In Uganda, youth protesters recently staged rallies outside parliament against alleged corruption and human rights abuses by leaders.

Police and UPDF soldiers arrest more protestors in Kampala as Ugandans began a March to Parliament youth led anti-graft protest on July 23, 2024. PHOTO/ABUBAKER LUBOWA

Uganda's public debt has risen to unprecedented levels, reaching Ush96.1 trillion ($25.3 billion or 52 percent of GDP) as of June 2023, according to an Auditor-General's report released recently.

In Nigeria, protests kicked off on August 1, promoted online with hashtags such as #EndBadGovernanceinNigeria and #EndBadGovernance2024. The protests are aimed at holding President Bola Tinubu’s government accountable for economic mismanagement, corruption and other governance issues.

Apart from debt, the majority of African countries are facing governance, corruption and leadership issues. 

At both the national and county levels, public officials allocate themselves funding for luxury vehicles, jet-setting lifestyles, new high-end housing and furniture or major facelifts for existing housing facilities including eight official residences for the President. 

Prof James Gathii, Wing-Tat Lee Chair in International Law and professor of Law at Loyola University Chicago School of Law, observes that lack of transparency when borrowing is partly to blame for the current protests in Africa.

“The reason we are likely to see this in other places is precisely the same: Huge debt burdens, which are unaccounted for in terms of real achievements on the ground,” Prof Gathii said.

“For instance, one of the Eurobonds (in Kenya) was never accounted for.

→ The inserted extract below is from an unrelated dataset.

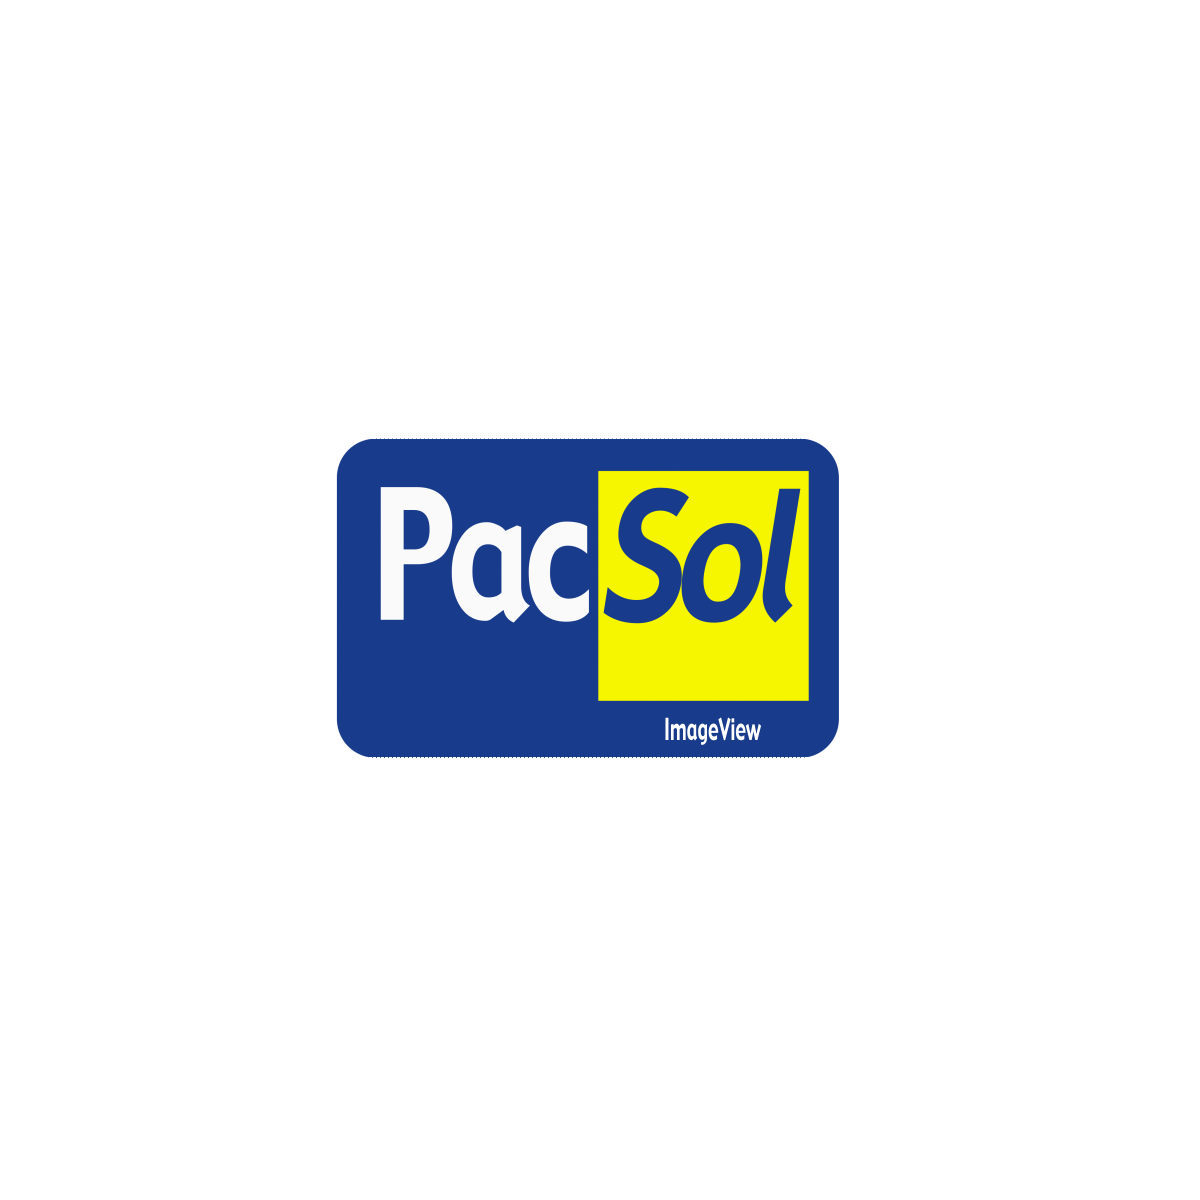 PacSol_ImageView_SquareBorder_ImageGallery384dpi-1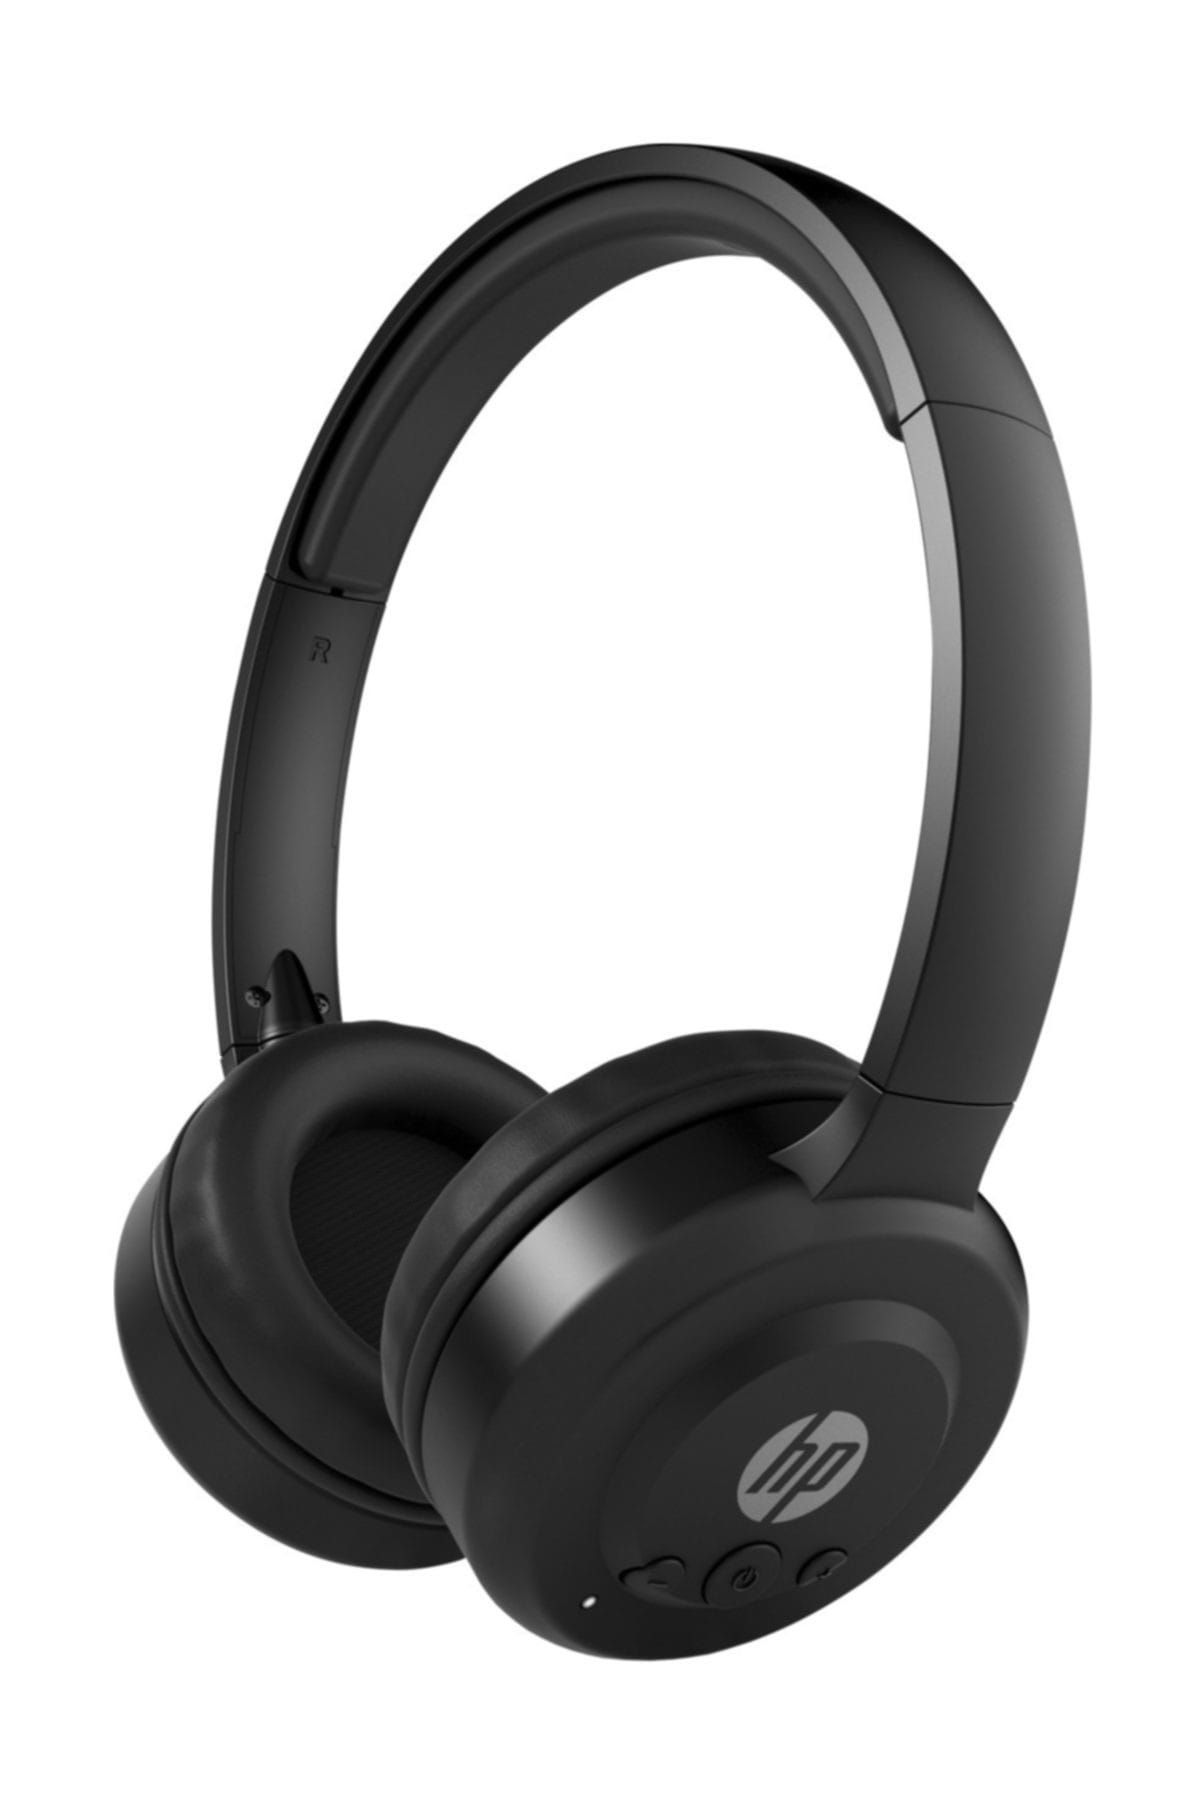 HP Pavilion 600 Kulaküstü Bluetooth Kulaklık Siyah 1SH06AA

There is a lack of transparency in how the debt was procured; it did not involve the citizens. This is also happening in other African countries where lack of transparency, poor governance, and corruption is the order of the day.” 

In April, UN Secretary-General Antonio Guterres said around 40 percent of the world’s population lives in countries that spend more on interest payments than health or education caused by a “raging bonfire of debt.”

“Look at the global financial system’s handling of debt.  Many developing countries are being crushed under a steamroller of debt.  Four out of every 10 people worldwide live in countries where governments spend more on interest payments than on education or health,” Mr Guterres said.

Annual debt service payments in the world’s poorest countries are 50 percent higher than they were just three years ago.

 In sub-Saharan Africa, debt servicing consumed nearly half of all government revenue in 2023.

“Unless we take decisive action on debt and liquidity challenges, we risk another ‘lost decade' for many developing countries, putting the achievement of the SDGs by the 2030 deadline definitively out of reach,” Mr Guterres said.